How I feel when a story gets assigned.

Over the past 15 or so years, I’ve mostly been a freelance writer. At times, I’ve had a ton of assignments, each one following from the last, and at others they’ve merely trickled in. I’ve had staff jobs, too, where the checks arrived every two weeks without fail (pretty much). Since February, I’ve been back on the freelance circuit, and I’ve noticed a problem I’d never quite identified before.

The problem is this:

  1. I pitch a story, and if the editor picks it up, I’m psyched. I’ll have money coming in! That means I can spend some of it now, maybe on a chunk of good cheese that I wouldn’t ordinarily buy, or on a season of a TV show I have no business watching. It’s okay, though, because I’ve just set myself up to earn money.
  2. I report, write, and file the story. Whew! That was an effort, but my filing the story now guarantees that I’ll get paid. So it’s okay to spend a bit more money right now, like on a set of graphic novels for Sasha or a cocktail at a bar while I write a piece on Medium for which I’ll earn nothing. But it’s okay, because the money is coming in real soon.
  3. A couple of days later, I remember I forgot to invoice properly.

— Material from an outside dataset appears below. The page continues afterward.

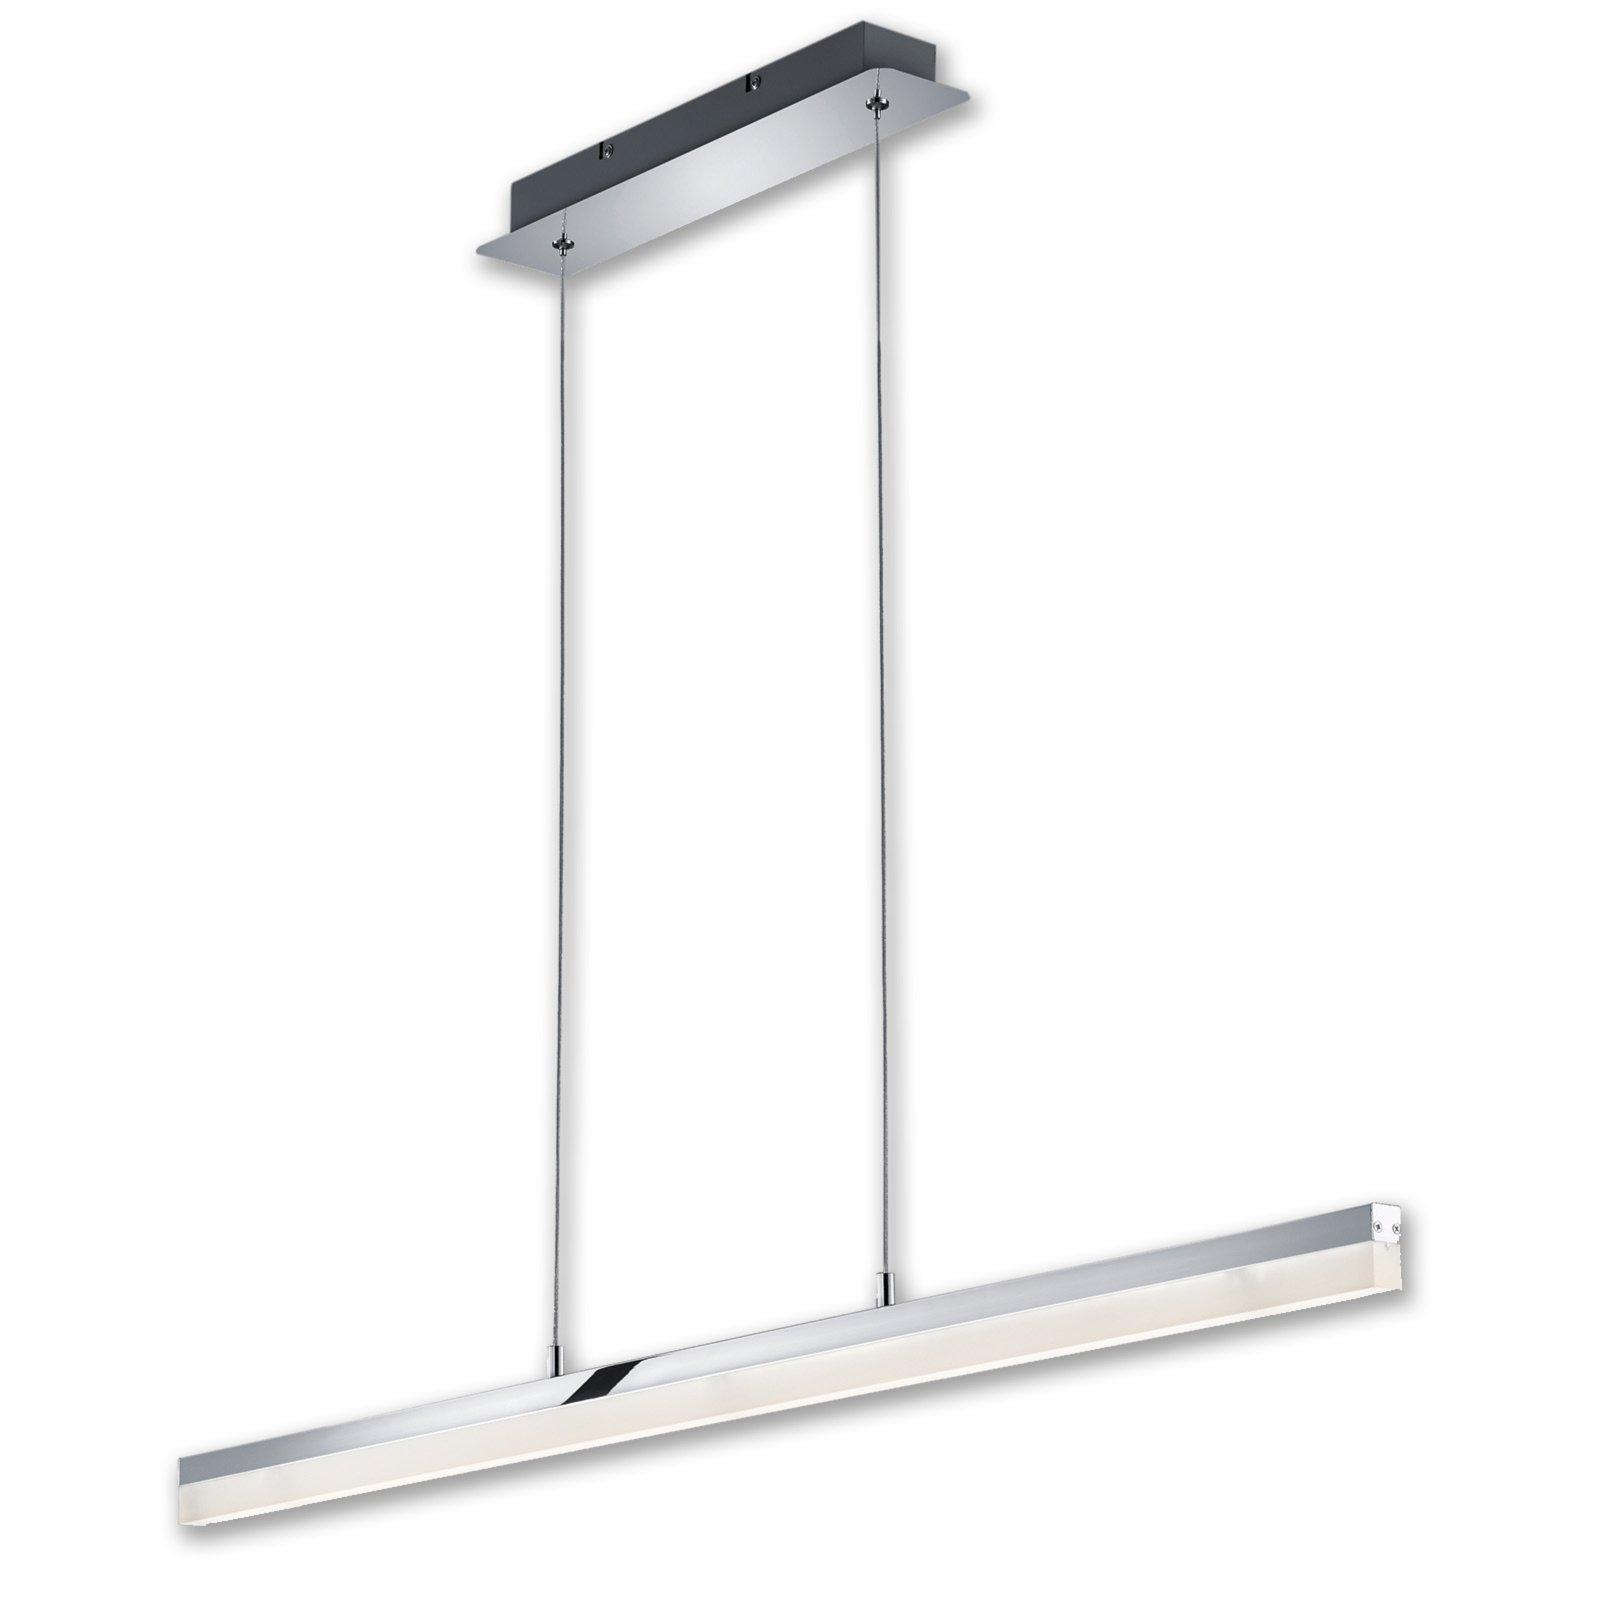 led pendelleuchte chrom metall pendelleuchten h ngelampen lampen m belhaus roller. Black Bedroom Furniture Sets. Home Design Ideas
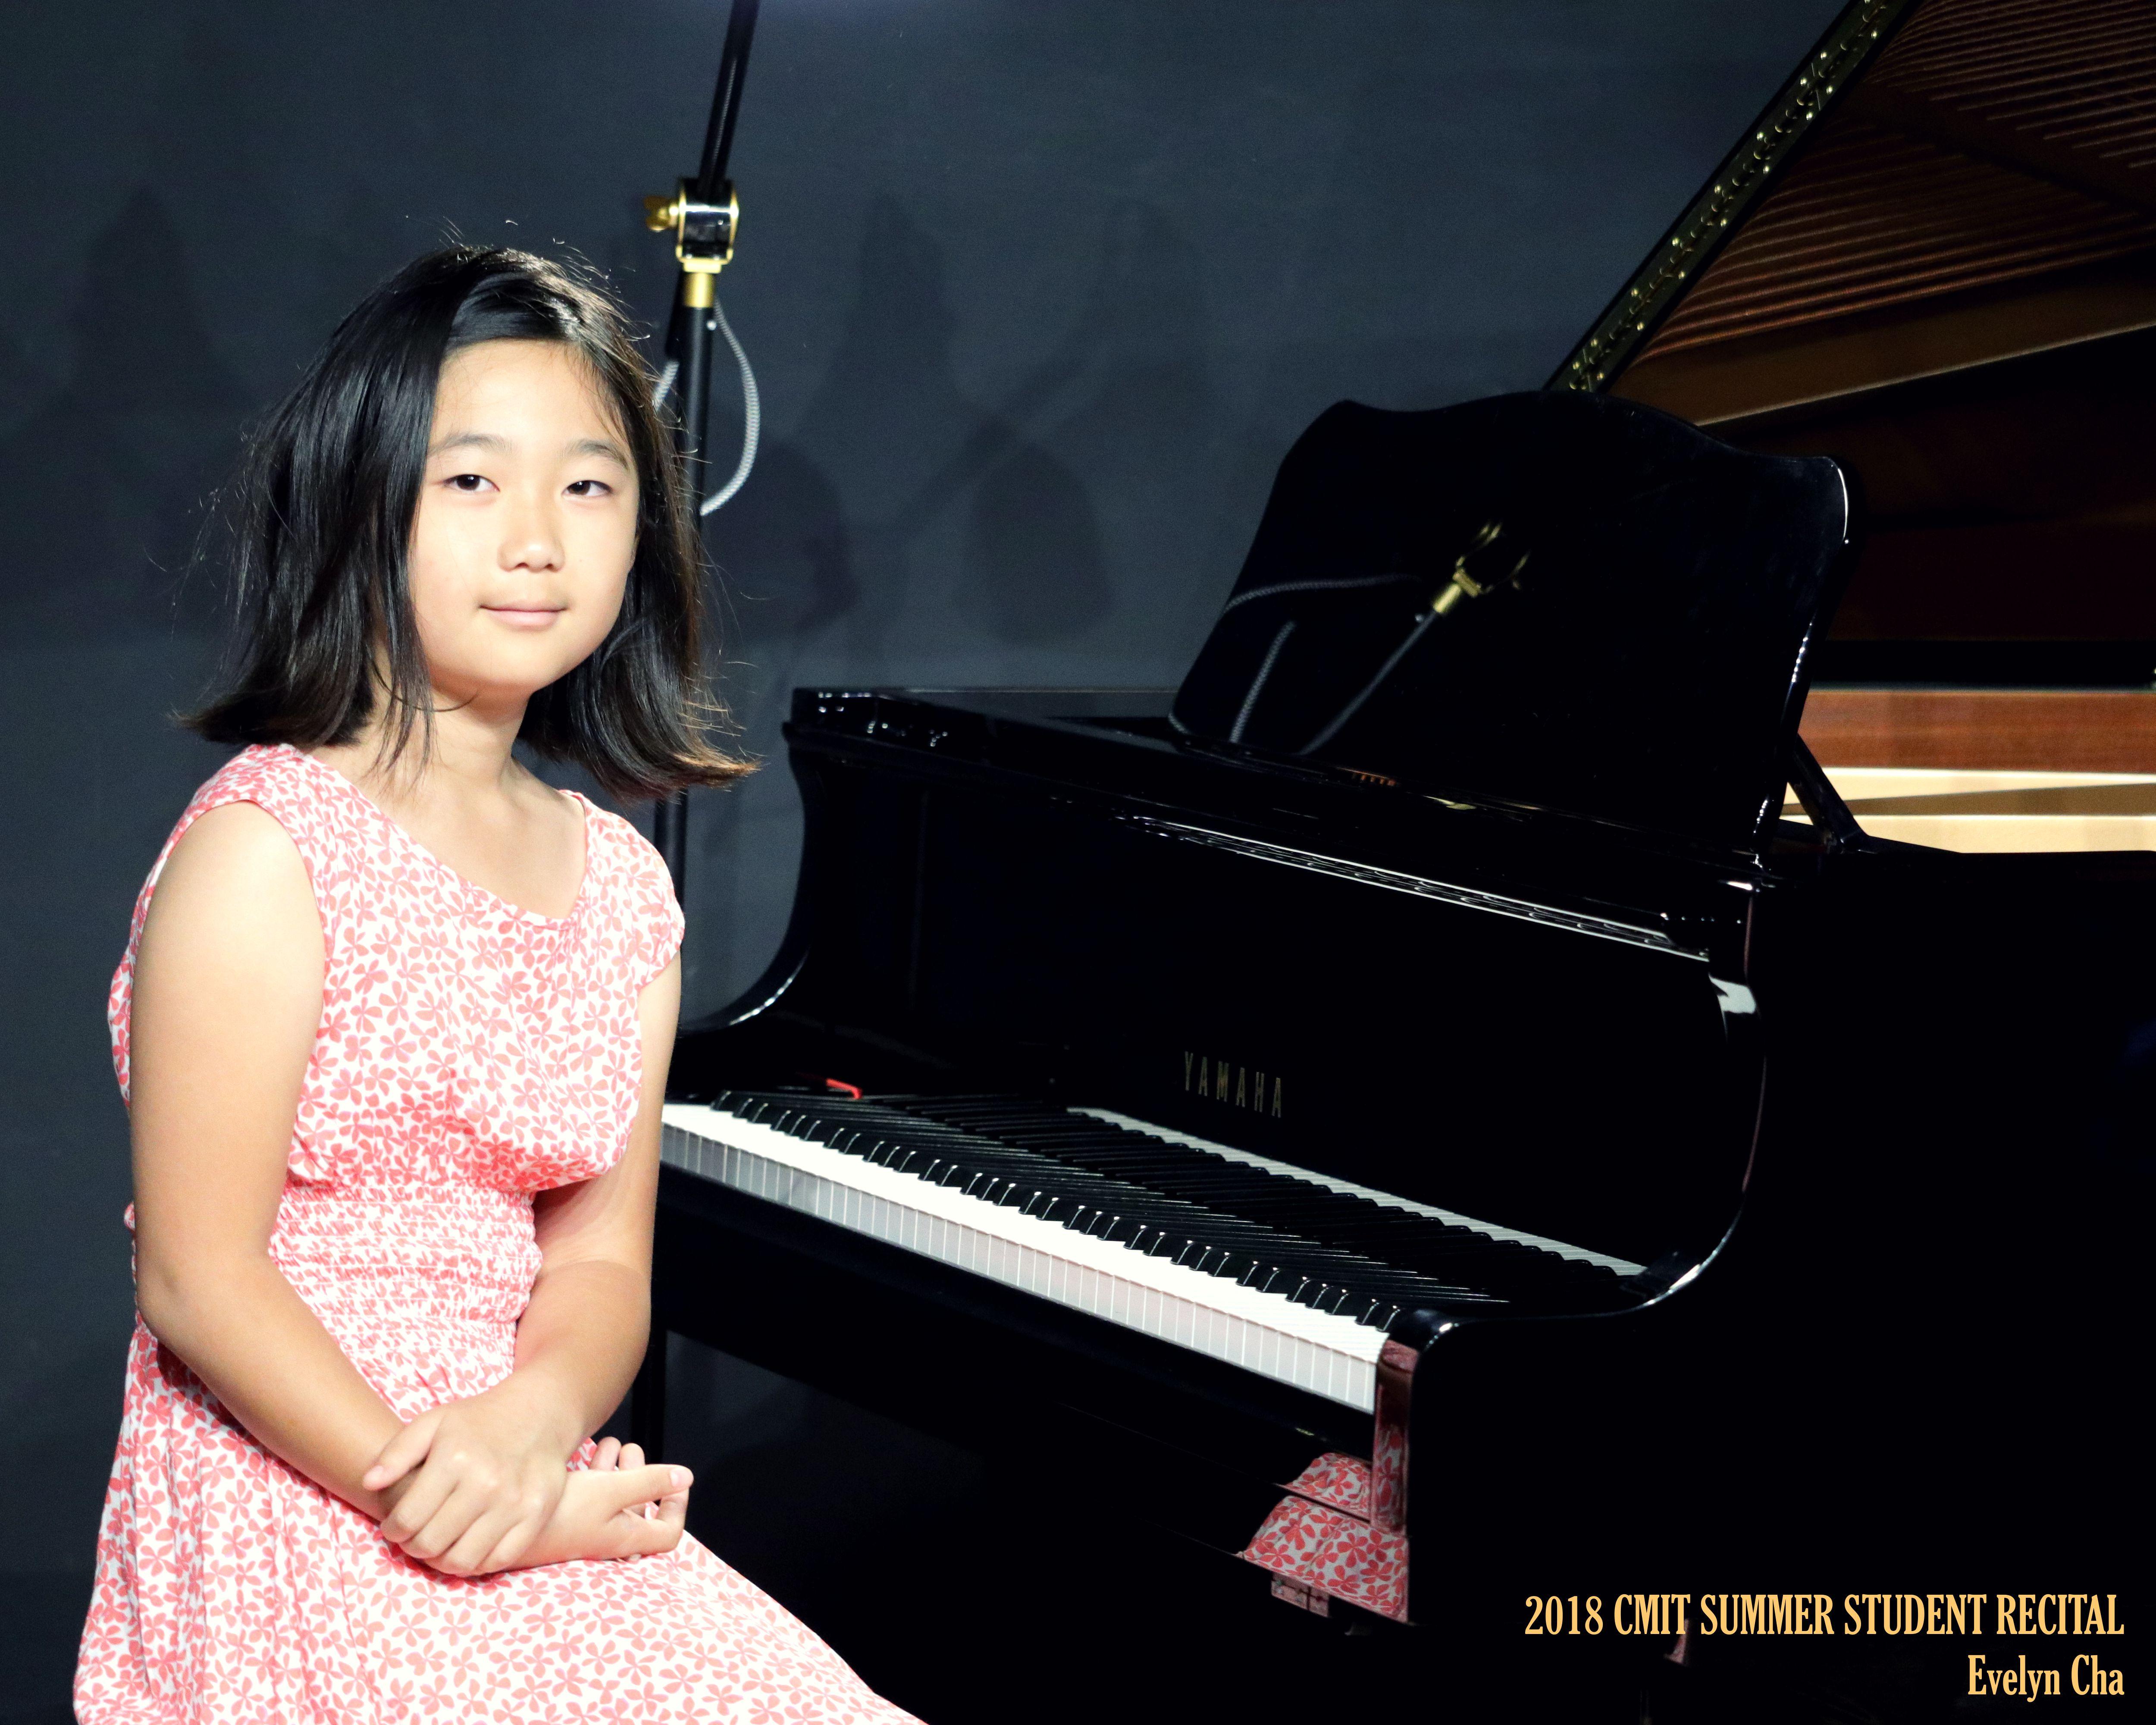 09 Evelyn Cha

So I do that. And buy the aged, grass-fed ribeye instead of the industrial hanger steak.
  4. Anywhere between 7 days and 2 months later, the check appears in the mail! (Or, even better, the money is direct-deposited into my bank account.) Hallelujah! Now I actually have the money I’ve earned, and I can spend against it. Shit, should I upgrade my MacBook Air? I mean, it’s nearly three and a half years old!

So, yeah, I hope you can see the issue: At each stage of the freelance-writing process, I spend money I don’t yet have. Clearly, I should be a bit more conservative with my income—I don’t need that Vermont camembert, do I? And honestly, I’m not quite so spendthrift as I’ve made out here. I eat lunch at home (usually), and I almost never buy the fancy cheese, and I haven’t spent a dime on technology since last September (and the nice headphones were on sale, thank you very much). I was, you may recall, professionally frugal not all that long ago, and those instincts have not completely evaporated.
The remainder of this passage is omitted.